– Что сделано, то сделано, и ты знаешь, я никогда не отрекаюсь от того, что сделал. И потом мне прекрасно.

– Прекрасно – на время. Но ты не удовлетворишься этим. Я твоему брату не говорю. Это милое дитя, так же как этот наш хозяин. Вон он! – прибавил он, прислушиваясь к крику «ура», – и ему весело, а тебя не это удовлетворяет.

– Я не говорю, чтобы удовлетворяло.

– Да не это одно. Такие люди, как ты, нужны.

– Кому?

– Кому? Обществу.
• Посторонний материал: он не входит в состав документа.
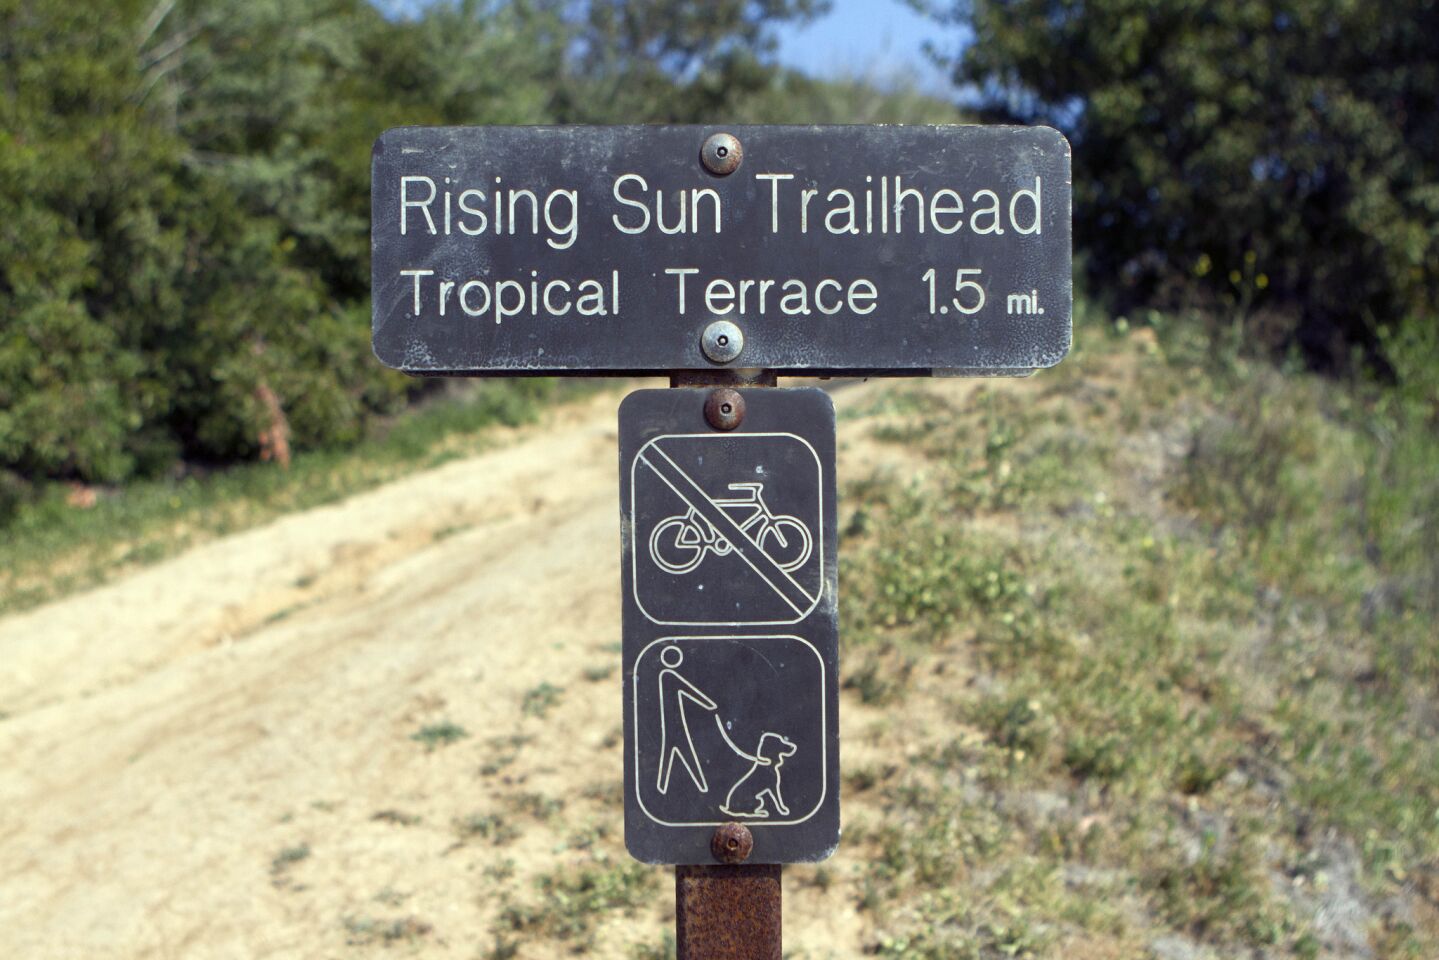 On the TRW Trail, follow signs that lead to the Rising Sun Trail. Cross over a paved road before climbing the ridge on the Rising Sun Trail's dirt pathway.
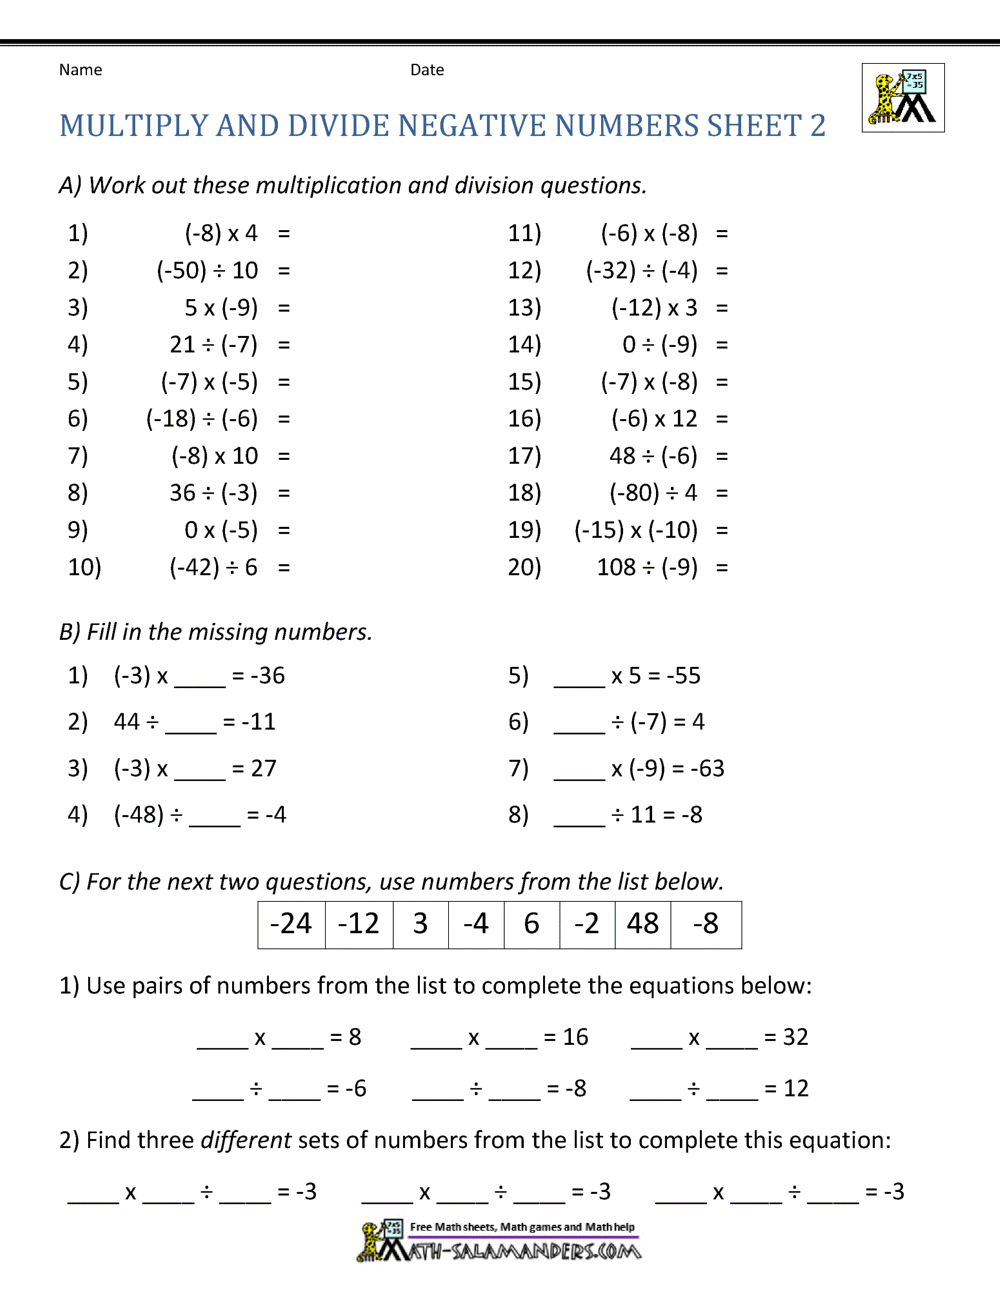 Multiply and Divide Negative Numbers In Multiplication Of Integers Worksheet

России нужны люди, нужна партия, иначе все идет и пойдет к собакам.

– То есть что же? Партия Бертенева против русских коммунистов?

– Нет, – сморщившись от досады за то, что его подозревают в такой глупости, сказал Серпуховской. – Tout ca est une blague.[126] Это всегда было и будет. Никаких коммунистов нет. Но всегда людям интриги надо выдумать вредную, опасную партию. Это старая штука. Нет, нужна партия власти людей независимых, как ты и я.

– Но почему же? – Вронский назвал несколько имеющих власть людей. – Но почему же они не независимые люди?

– Только потому, что у них нет или не было от рождения независимости состояния, не было имени, не было той близости к солнцу, в которой мы родились. Их можно купить или деньгами, или лаской. И чтоб им держаться, им надо выдумывать направление. И они проводят какую-нибудь мысль, направление, в которое сами не верят, которое делает зло; и все это направление есть только средство иметь казенный дом и столько-то жалованья. Cela n’est pas plus fin que ca,[127] когда поглядишь в их карты. Может быть, я хуже, глупее их, хотя я не вижу, почему я должен быть хуже их. Но у меня и у тебя есть уже наверное одно важное преимущество, то, что нас труднее купить. И такие люди более чем когда-нибудь нужны.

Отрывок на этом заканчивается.